Extract and rewrite image paths in Markdown files using Pandoc


More document manipulation tricks using pandoc! This time I’m using pandoc to change image paths in Markdown documents - very useful for example, when publishing Zettelkasten notes written in Markdown files to a blog.

pandoc X:\path\to\source.md -f markdown ---standalone  --resource-path= --resource-path=.;"X:\\path\\to\\parent\\folder\\\";"X:\\path\\to\\another\\folder\\" --extract-media=/img  t markdown_mmd+yaml_metadata_block -o X:\path\to\content\posts\target.md"
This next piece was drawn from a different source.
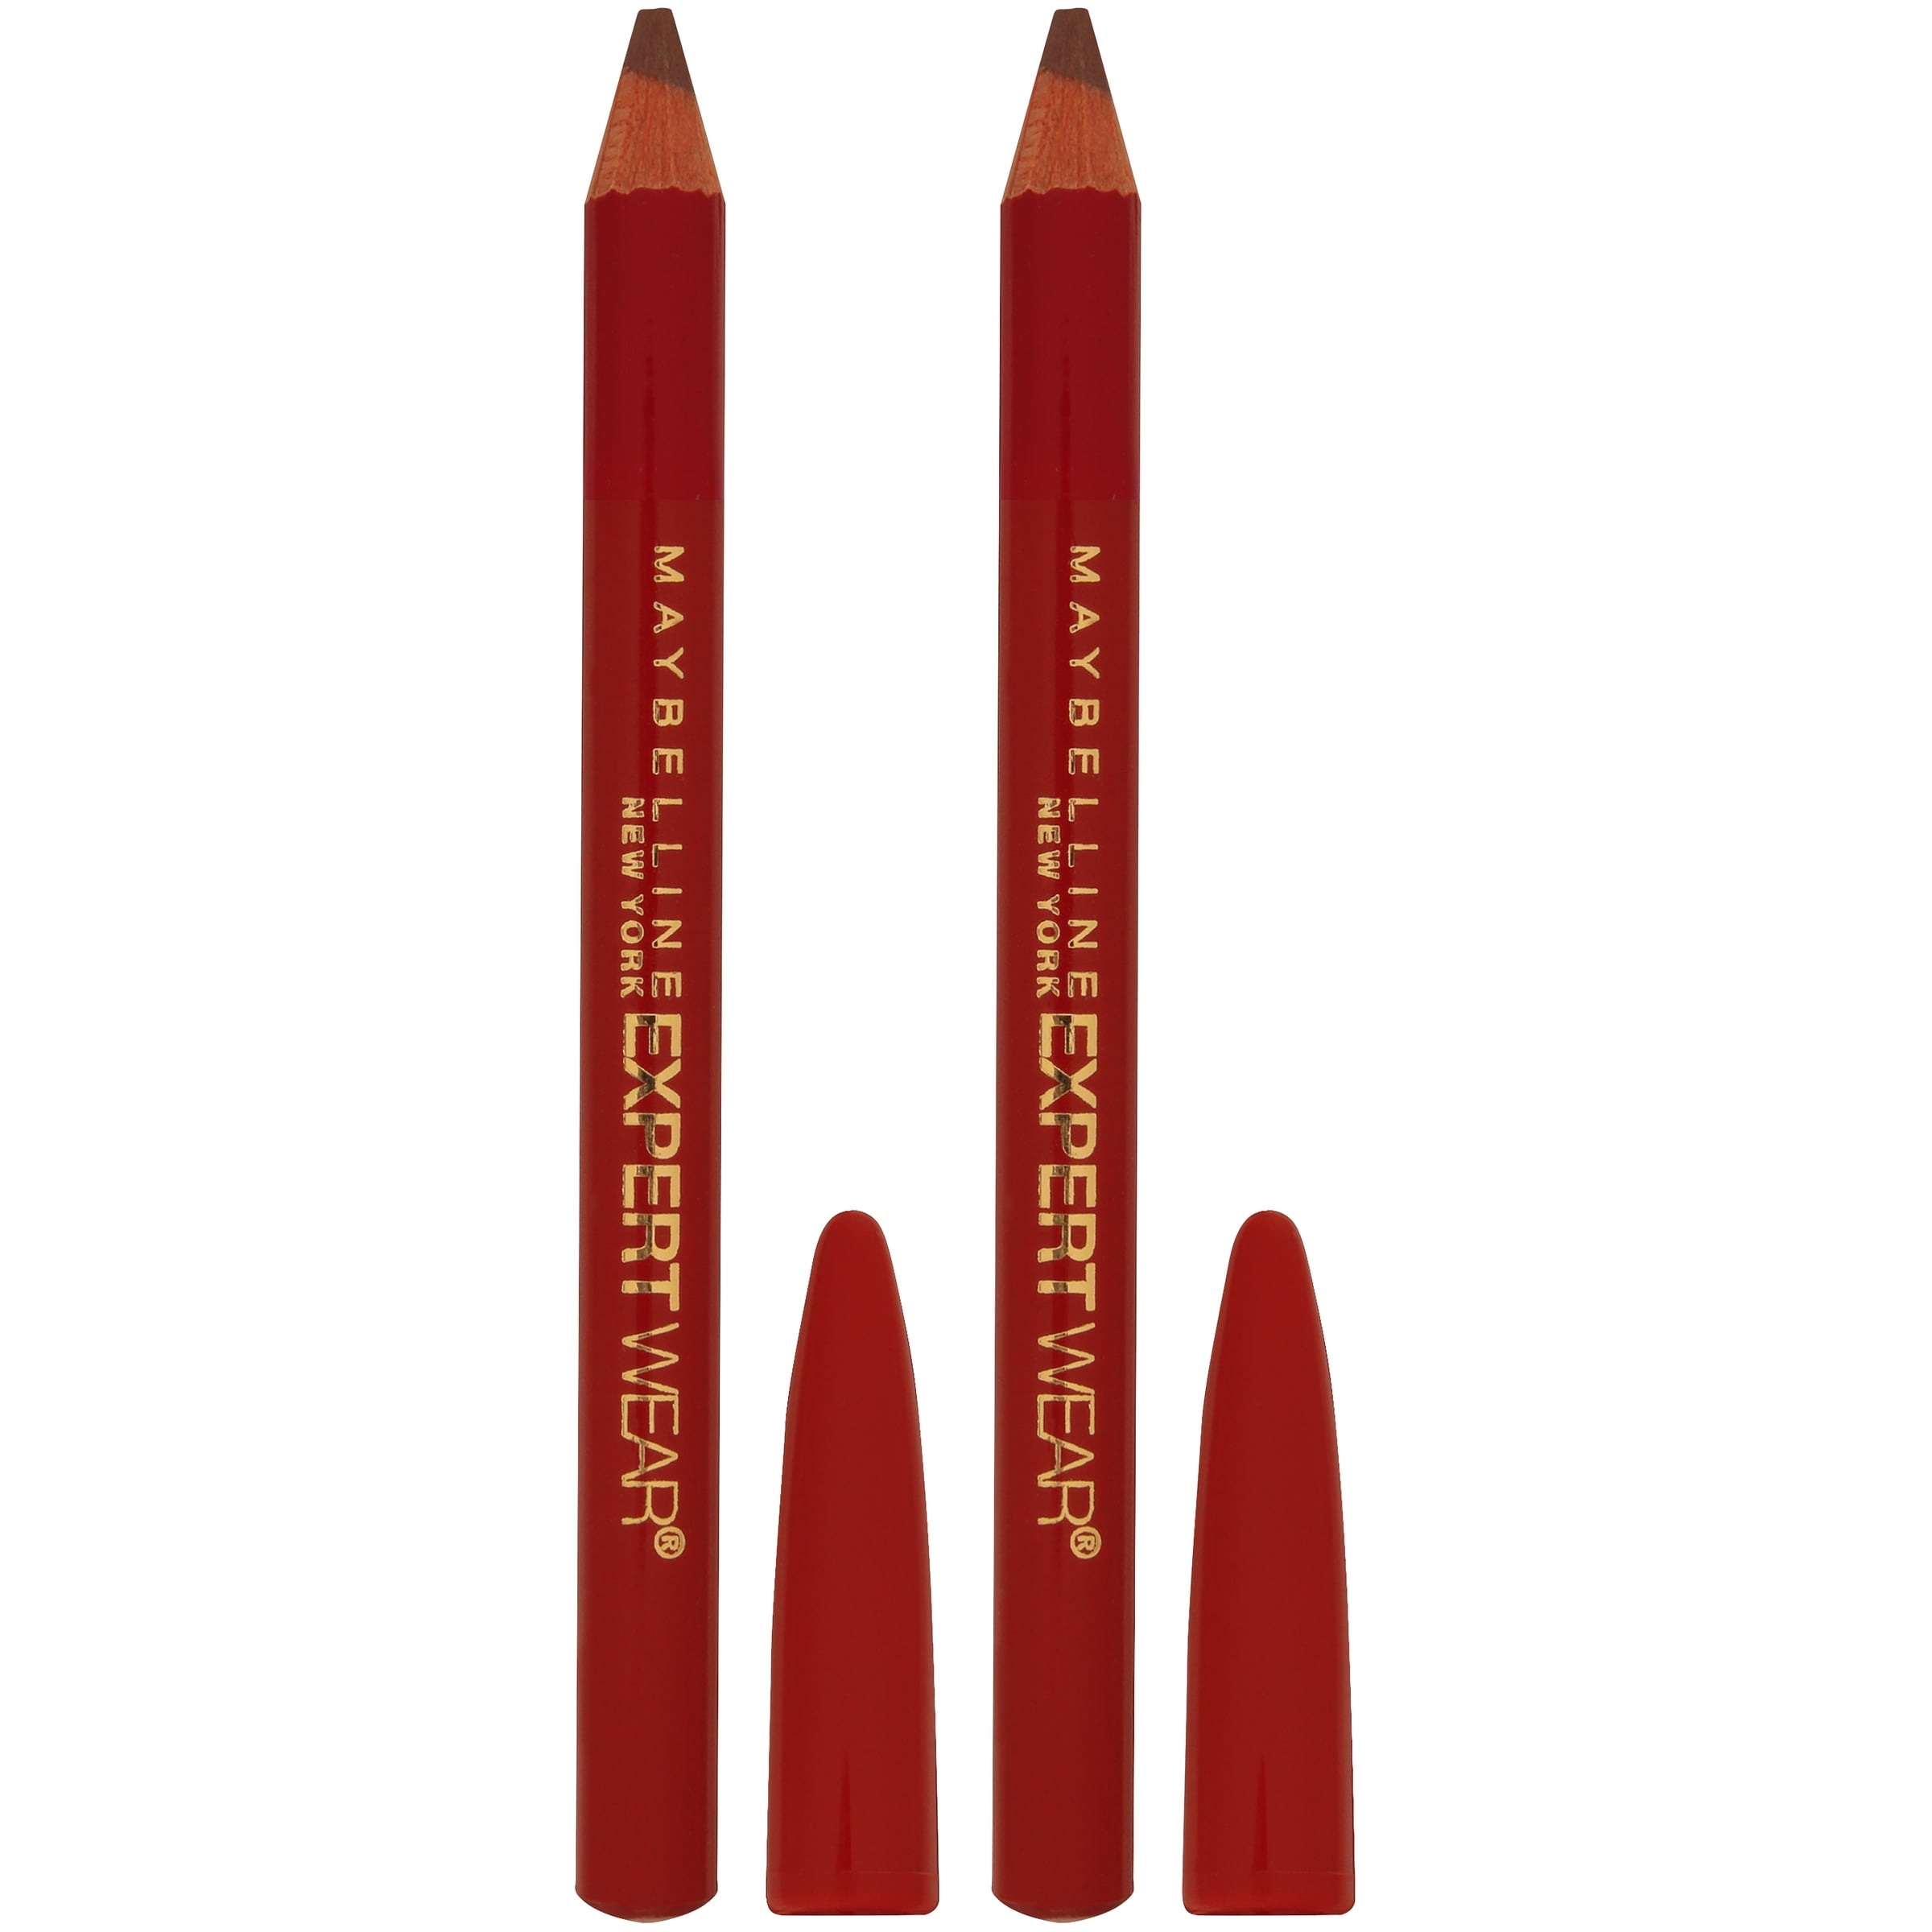 Maybelline Expert Wear Twin Brow and Eye Pencils, Light Brown

This will make pandoc search for linked images and place them in a folder named img using the file SHA as the filename. It will also change the link in the output markdown file to point to the new location - neat! Few things to watch out for:

  • The path specified in the --resource-path parameter must be to the parent folder of the folder where the images are stored. In other words, if the Markdown file has a image link ![](./images/pandoc.jpg) and the path to the images folder is X:\parent\folder\images, then the path specified in the --resource-path parameter would be X:\parent\folder. pandoc will automatically look for a folder name images in that path.
  • To include spaces in a path in Windows, you can use double quotes as long as you escape all back-slashes.
  • The parameter can only be specified once. So if you pass the parameter as --resource-path="X:\\path\\to\\parent\\folder\\" --resource-path="X:\\path\\to\\another\\folder\\" then pandoc will look for images only in X:\\path\\to\\another\\folder\\". Hence to specify multiple folders append paths to the same --resource-path parameter.
  • The path for --extract-media is tricky. It should be the path as per your website structure - so if images are served on the website from a /images path then this parameter should also be set to /images. However the tricky part is that pandoc then expects a folder called /images to be present in the local filesystem as well. This means that in Linux, pandoc will create a folder under the “/” partition and in Windows, pandoc will create a folder directly under “X:” where X: happens to be the drive within which pandoc is running when invoked. This can result in images not appearing the right folder location for your actual website structure in your local machine - the only way to overcome this is to create a symlink in the “/” or “X:” partition pointing to the right location.
  • By default pandoc looks in the current directory it is running in for images when no --resource-path is supplied but --extract-media is. However, that folder is not searched if you specify a folder using the --resource-path option, so you should manually include it by adding “.;” to the --resoruce-path parameter. Oh and remember to use the right path separator - “;” in Windows and “:” for Linux, macOS.